1. Error is compounded. That is a little bit of run out from the spindle, a little bit of twist in the bed, a little bit of tailstock offset, etc. This can all add up to be considerable. Reduce the error at every opportunity and you'll be able to do some very nice work. Yes, she is only a hobby lathe, but this doesn't mean that she and you can't do some great work together.

2. I don't know how your spindle is designed, nor do I know the specs. Consider tightening her up until you feel a little drag and then loosen her up just a little bit. 

But, then I'm still in learning mode on both points. 
Daryl
MN


----------



## TommyD (Nov 28, 2015)

I guess it depends on the TIR of the bearings and what you find acceptable. Have you looked elsewhere for the Timkens or do they cross reference with another bearing company? Old bearings were pretty accurate, I had a few companies in my area that made bearings....all gone now.

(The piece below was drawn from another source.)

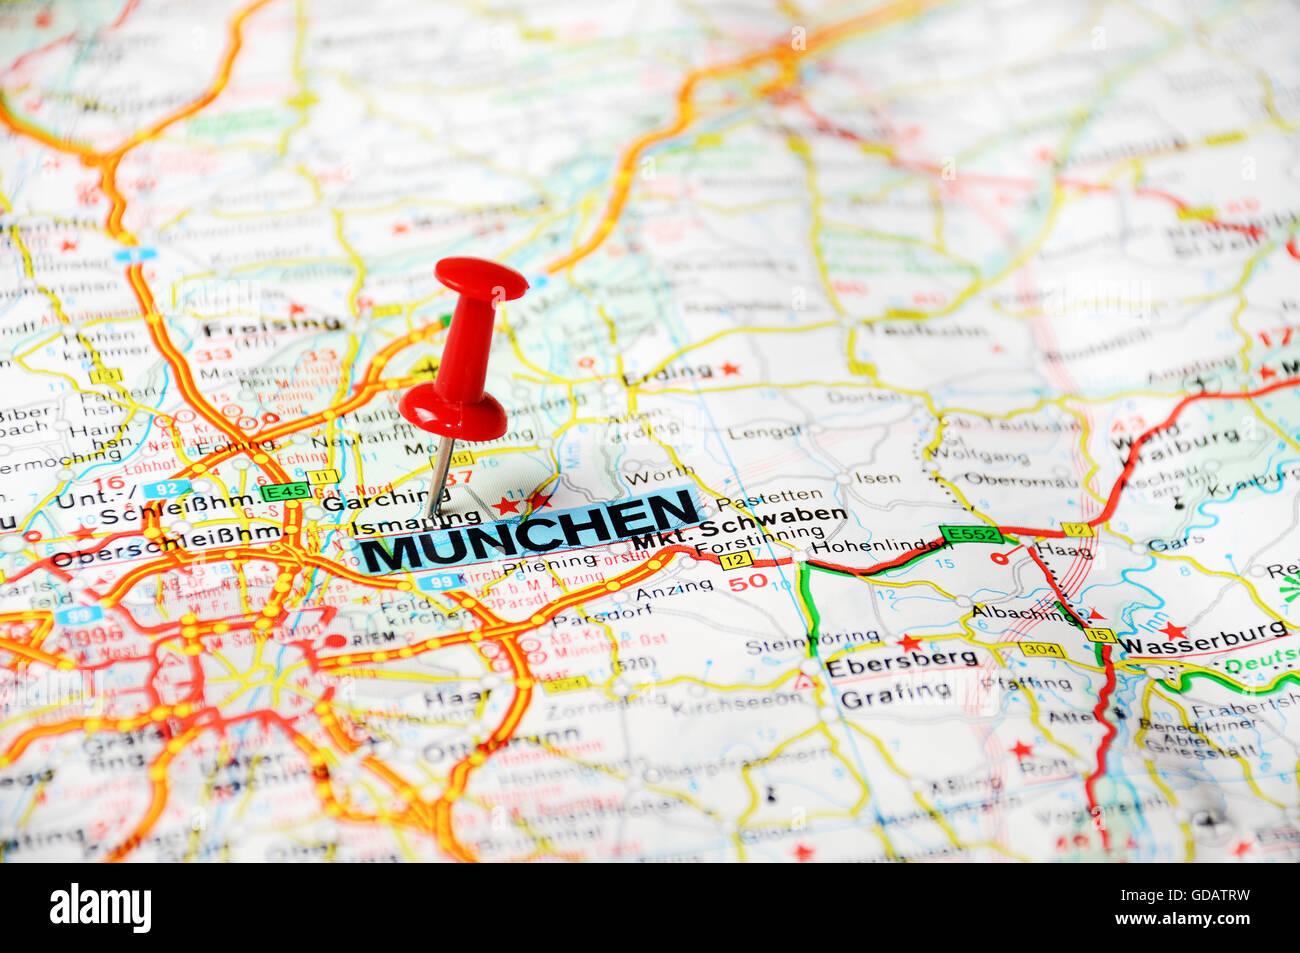 Cerca De Munich Alemania Mapa Con Clavija Roja Concepto De

Sorry, I can't help on the preload.


----------



## astjp2 (Nov 28, 2015)

The spindle bearing are tapered roller bearings on the chuck end, with a ball on the other end.  TIR is not my problem, they seem to be really stiff/bound up...I am just thinking that I need to get new ones here before I tear down the head, or I will be a few more years on this lathe.  Tim


----------



## 4GSR (Nov 28, 2015)

I would tear down the headstock and check out the existing bearings for condition before buying any replacements.  What I would do is, if the bearings need replacing, is ask for a class 3 precision taper roller bearing.  This would be far better than your standard off the shelf quality of tapered roller bearing.  And the price may be high but not $541!  Class 3 precision will be unnoticed to us H-M.


----------



## astjp2 (Nov 29, 2015)

I also found this number on the forum, but I am not sure what bearing it is.  Tim

New Departure
Inner - 3209
Outer - 99509
Sealed
Special code X3 (indicates precision bearing)


----------



## TommyD (Nov 29, 2015)

New Departure is a bearing manufacturer, they used to be located in Bristol, CT but have since moved to Sandusky, Ohio. They may have made your bearing, the codes are sizes of the races and sealed means it had a seal to keep in grease and garbage out.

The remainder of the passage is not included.